There used to be a product called Sneaky Pete's Bear's Feet. They slipped over your boots and had a padded bottom and that fake fur stuff. Used for stalking. The pad and fake fur were to muffle the cruch of leaves and twigs snapping.


----------



## BLan (Aug 16, 2010)

I'm surprised people aren't calling for your man-card since you have mad sewing skills. I like them a lot and may have to try something similar. Thanks for posting.


----------



## jlh42581 (Oct 21, 2009)

You need a breatheable material because what makes these things work are handwarmers and they need oxygen


----------



## Chiro_Archer (Jun 6, 2011)

Oh I understand that JLH, they would still have and opening or vent to able to get some air in to them, but if there was a liner of a sort then I would imagine it may help retain the overall heat, sorry for the confusion of that. Ha, had to learn how to stitch stuff up as a kid, grew up in boyscouts, got my Eagle actually, now I am a Chiropractor, what can I say I am good with my hands lol


----------



## Chiro_Archer (Jun 6, 2011)

As for the taking of my Man Card, whats the old saying? "You may walk in to get it but you will be limping to get out"? ;-) haha


----------



## bschiltz (Sep 27, 2011)

Hey, if Si Robertson can sew there's nothing girly about it Jack! Haha


----------



## Chiro_Archer (Jun 6, 2011)

Hey Boys I'm just like an Owl I don't give a HOOT! Classic


----------



## Gob (Mar 7, 2005)

Great idea!


----------



## Maxtor (Jan 7, 2007)

jlh42581 said:


> what makes these things work are handwarmers and they need oxygen


 Not's that true really. I wear the IceBreaker ones and never put no hand warmers in them. If they're made with the right materials there should be no need for hand warmers


----------



## jlh42581 (Oct 21, 2009)

I own the icebreaker ones myself and they look like I am ready for a moon walk. I would trade them for hotmocs in a split second


----------



## Ragepassthru (Nov 1, 2012)

ttt


----------



## dandbuck (Jan 11, 2007)

arctic shield boot insulators on sale at local gander for $28, love them, hae yet to use a handwarmer in them.
Great job though OP, I actually cut an old wool jacket about 20 years ago and made my own. i used the part of the jacket where your armpit goes and cut the sleeves off first then cut where needed to fit the back of my boots. Then i used the sleeves that i cut off and sewed them together for a hand muff. Worked great, but they were bulky as heck.


----------



## Chiro_Archer (Jun 6, 2011)

Thanks Dandbuck, it was a fun lil project to do and kept me busy, we finally got some cold weather, so I may get to finally use them!!


----------



## Lkyman (Jan 10, 2010)

I remembered this from when I ordered some dog boots. I ordered some material and had the wife sew some, then a friend shot them with spray on bed liner for durability and traction. They lasted a season, so it was worth it at the time.
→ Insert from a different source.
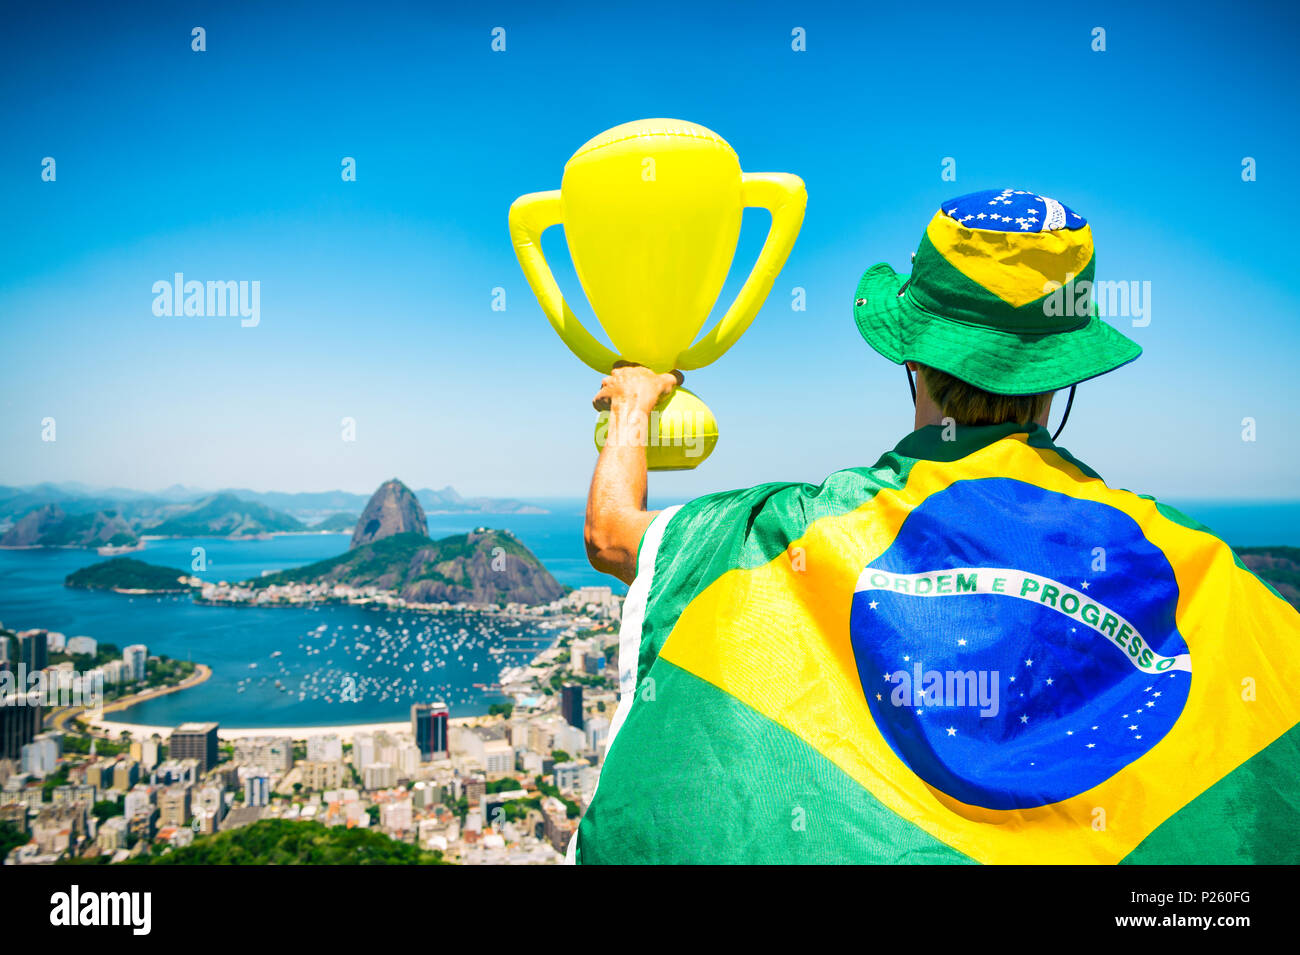 Champion du Brésil enveloppée dans un drapeau holding trophy de Sugarloaf Mountain View Botafogo Rio de Janeiro au Brésil. Banque D'Images

Any way they sell thinsulate also.

https://www.dogbooties.com/shop/category/thinsulate-by-3m/


----------



## Chiro_Archer (Jun 6, 2011)

Thanks for the link Lkyman, definitely keep that in mind for any future projects!!


----------



## brodbeckrt (Jan 2, 2012)

How about a thread revival?
I wanted to know since its been a year after making these, how have they held up? How are they working? How long have you been able to sit before your feet get cold? and in what temps?


----------



## OhWell (Aug 21, 2013)

BLan said:


> I'm surprised people aren't calling for your man-card since you have mad sewing skills. I like them a lot and may have to try something similar. Thanks for posting.


I think it's cool !!! I made my own field quiver, hunting pants, fleece pants, fleece masks and many fleece hats.


----------



## oldschoolcj5 (Jun 8, 2009)

great idea, they look warm


----------



## JBDuke (Dec 15, 2013)

Bump for an update. Would like to know how they've performed after a season of use. Anything you would change on a 2.0 version?


----------